The Merger Agreement has been included to provide investors with information regarding its terms. It is not intended to provide any other factual information about RITA, the Company or Merger Sub. As described above, the Merger Agreement contains representations and warranties of each of RITA, the Company and Merger Sub made to the other parties to the Merger Agreement. The assertions embodied in those representations and warranties are qualified by information in confidential disclosure schedules that the parties have exchanged in connection with signing the Merger Agreement. The disclosure schedules contain information that modifies, qualifies and creates exceptions to the representations and warranties set forth in the Merger Agreement. Accordingly, investors should not rely on the representations or warranties as characterizations of the actual state of facts at the time they were made or otherwise.

 

On November 28, 2006, the Company and RITA issued a joint press release announcing that the Company, Merger Sub and RITA had entered into the Merger Agreement. The joint press release of the Company and RITA announcing the execution of the Merger Agreement is attached to this report as Exhibit 99.1.

 

Additional Information about the Merger and Where to Find It

 

In connection with the proposed merger, RITA and the Company intend to file relevant materials with the Securities and Exchange Commission (SEC), including a registration statement on Form S-4 that will contain a prospectus and a joint proxy statement.
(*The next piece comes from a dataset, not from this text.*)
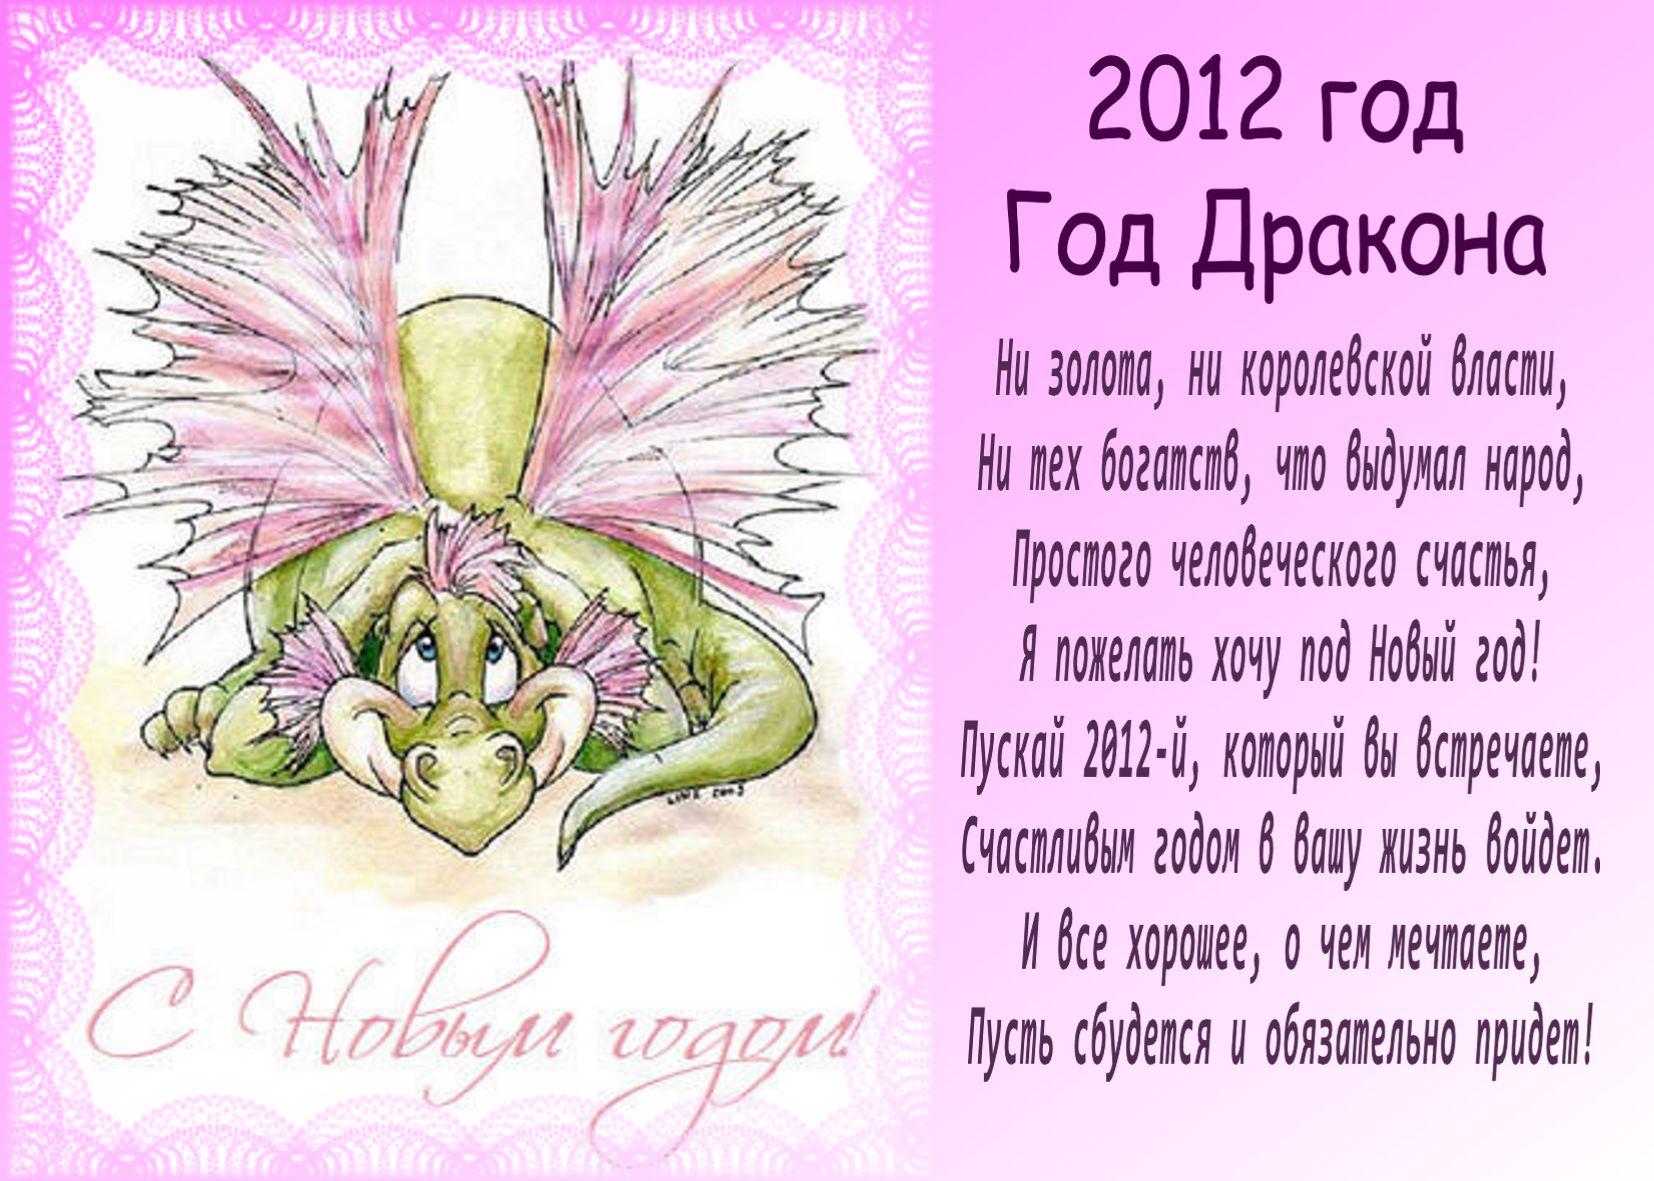 Стихи поздравления для старого нового года

INVESTORS AND SECURITY HOLDERS OF THE COMPANY AND RITA ARE URGED TO READ THE MATERIALS WHEN THEY BECOME AVAILABLE BECAUSE THEY WILL CONTAIN IMPORTANT INFORMATION ABOUT THE COMPANY, RITA AND THE PROPOSED MERGER. The proxy statement, prospectus and other relevant materials (when they become available), and any other documents filed by the Company or RITA with the SEC, may be obtained free of charge at the SEC’s web site at www.sec.gov. In addition, investors and security holders may obtain free copies of the documents filed with the SEC by the Company or RITA by directing a written request to: AngioDynamics, Inc., 603 Queensbury Avenue, Queensbury, New York 12804, Attention: Chief Financial Officer or RITA Medical Systems, Inc., 46421 Landing Parkway, Fremont, California 94538, Attention: Corporate Secretary. Investors and security holders are urged to read the proxy statement, prospectus and the other relevant materials when they become available before making any voting or investment decision with respect to the proposed merger.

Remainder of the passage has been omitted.